SWR4 Abendgedanken BW

SWR4 Abendgedanken BW

Es ist später Nachmittag in einer Schülerbibliothek. Der Vorlesewettbewerb für die Sechstklässler findet statt. Vorentscheid. Ich bin als Lehrer dabei. Während die kleinen Wettbewerbsteilnehmer vorne an einem Tisch sitzen und lesen, habe ich die Gelegenheit die Leute um mich herum zu studieren: Überwiegend die Mütter sind mitgekommen, ein paar Väter sind auch zu sehen. Wenn fremde Kinder dran sind, wird kritisch beäugt, Maß genommen, ob das eigene Kind eine Chance hat und es wird flüsternd ermutigt. Wenn es dann dran ist, bewegen sich beim Vorlesen die Lippen der Eltern mit, die Konzentration ist ganz auf das eigene Kind gerichtet. Wenn alles glatt läuft, ist die Erleichterung im Gesicht der Eltern deutlich abzulesen, bei Versprechern oder Verzögerungen halten sie die Luft an. Kurz gesagt: Sie fiebern mit. Und wenn der Sohn oder die Tochter wieder zurückkommt, wird gelobt, ermutigt oder getröstet. Das ganze wiederholt sich und spitzt sich zu, als die Jury bekanntgibt, wer gewonnen hat.
Wenn ich das von außen beobachte, wie Eltern mit ihren Kindern mitfiebern und sie für die Größten halten, finde ich das einfach nur schön. Klar habe ich als Lehrer auch mit Schülern zu tun, deren Leistung nicht zu ihrem starken Selbstbewußtsein paßt. Aber es gibt mehr, die innerlich aufgebaut werden müssen.

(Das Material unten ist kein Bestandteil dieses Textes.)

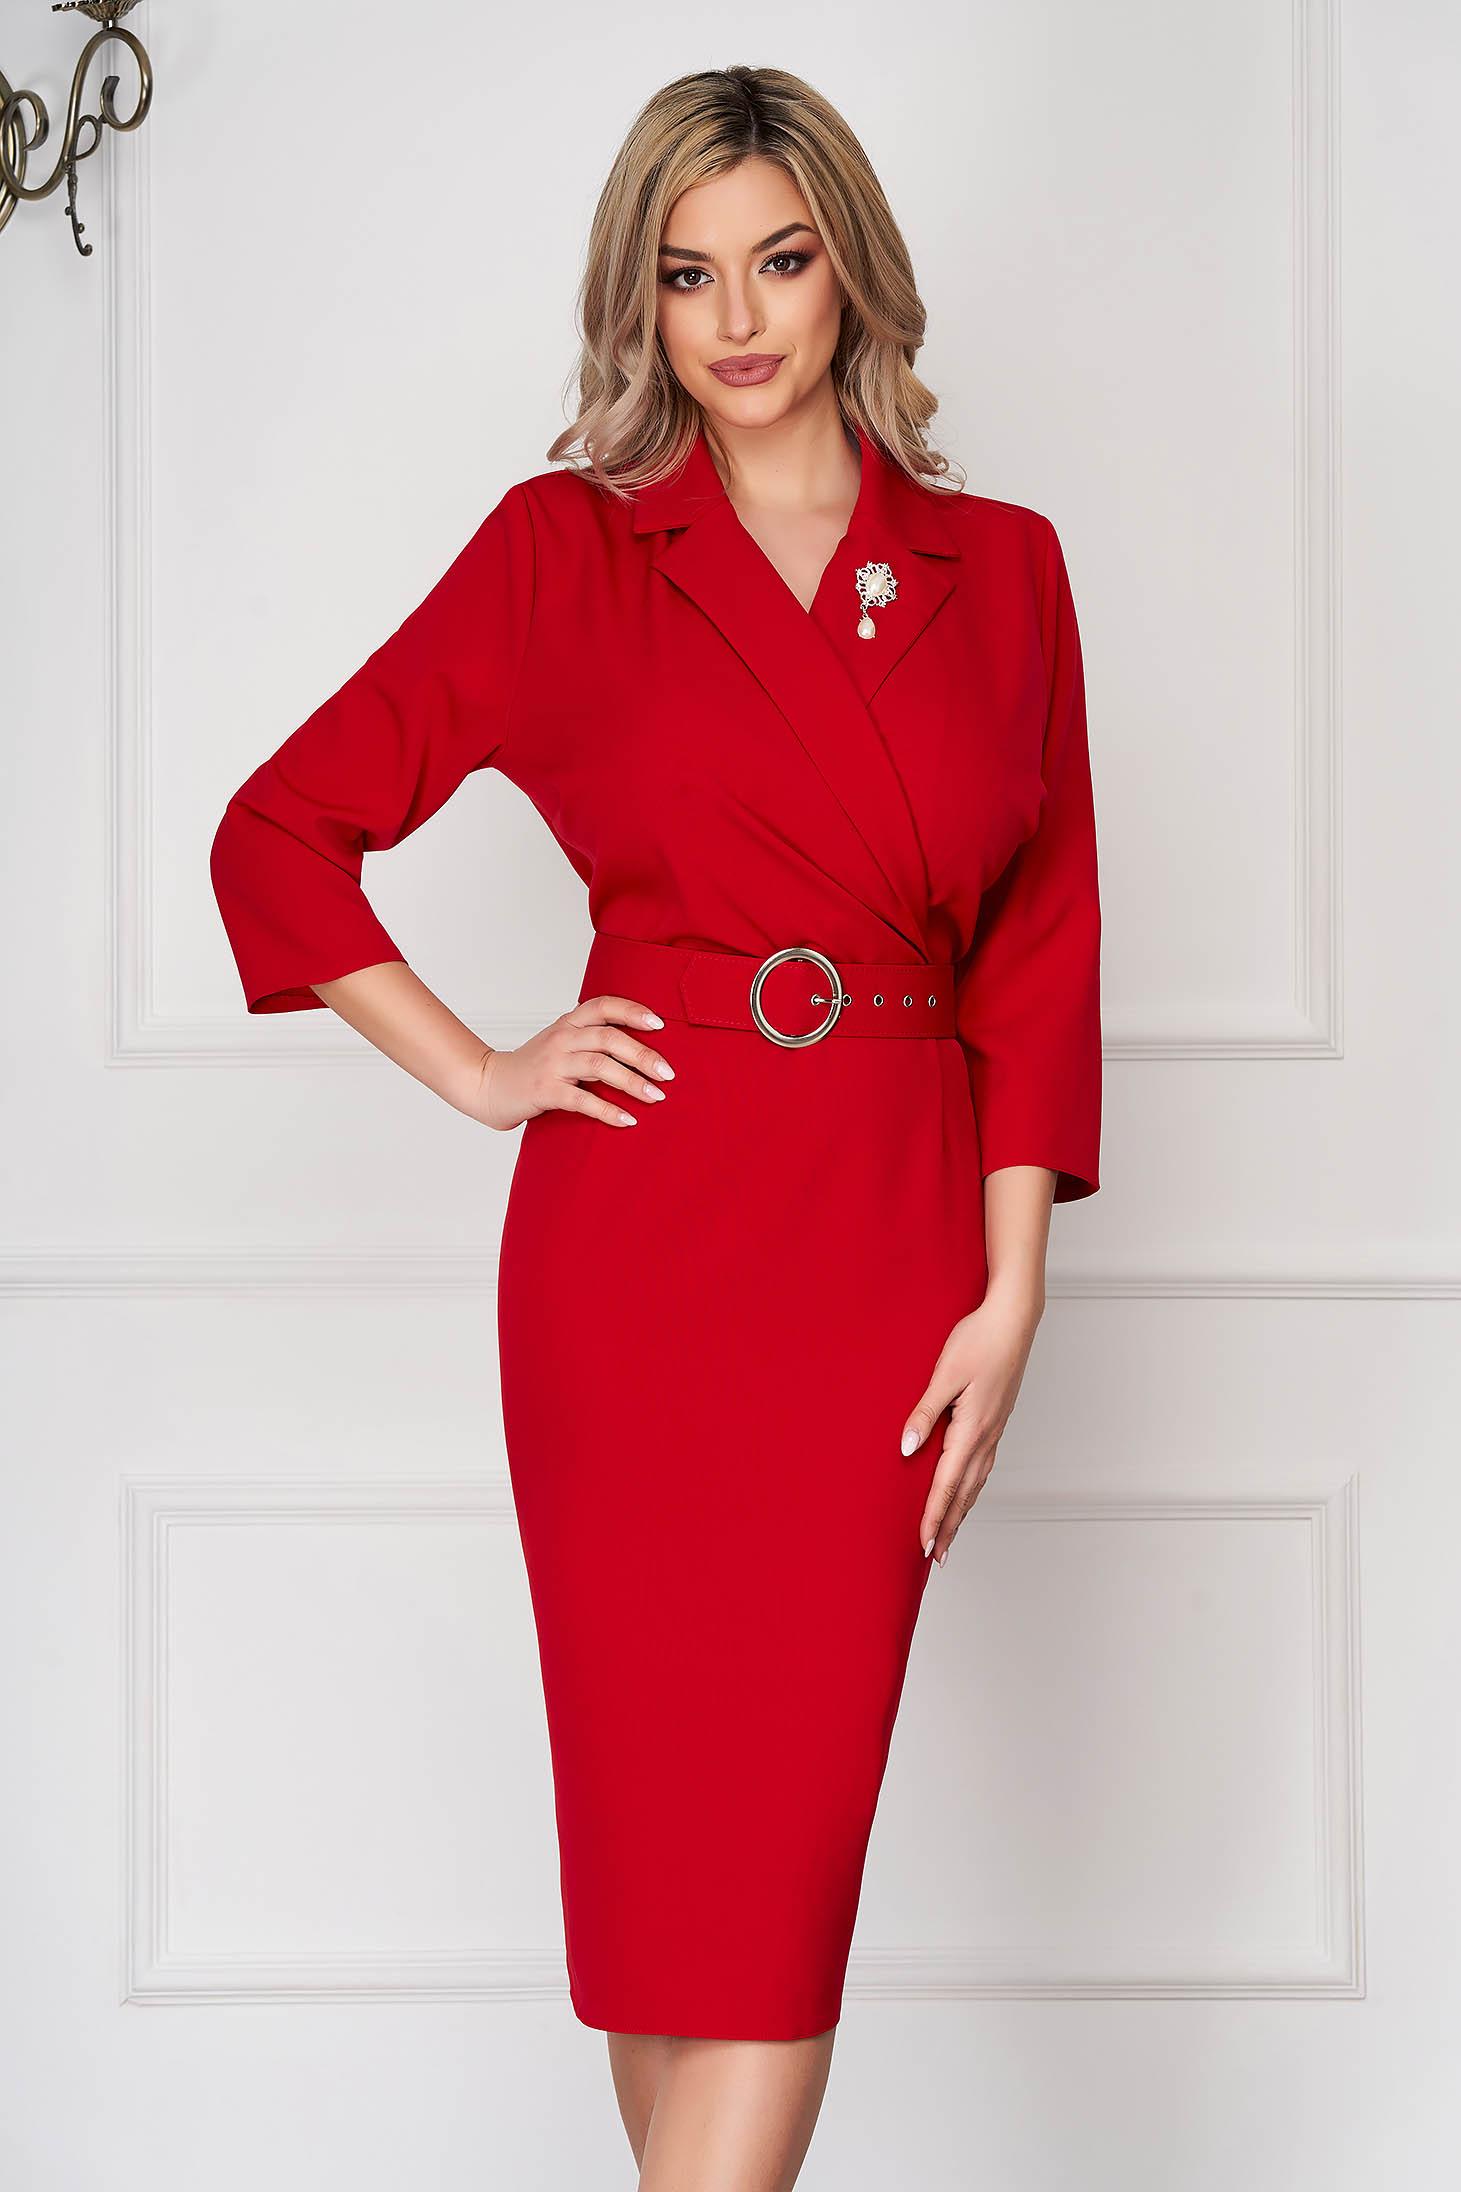 Red dress elegant midi pencil thin fabric accessorized with breastpin

Und wenn ich diese mitfiebernden Eltern sehe, dann wünsche ich mir nur noch eines: Dass alle Kinder solche Eltern haben könnten, die ihnen Rückhalt geben, Mut machen, sie trösten und mit ihnen mitfiebern, damit ihr Leben gelingt. Und nicht nur Eltern, sondern auch Großeltern, Lehrer, Freunde, Kollegen und Chefs und eine innere Stimme, die ihnen dies zusagt.
Psychologen haben herausgefunden, dass diese innere Stimme dann in uns Menschen entstehen kann, wenn wir sie von außen her erlebt haben - als Kinder. Trost und Ermutigung, die sich im wahrsten Sinn des Worts ver-innerlichen und das Vertrauen ins Leben stärken.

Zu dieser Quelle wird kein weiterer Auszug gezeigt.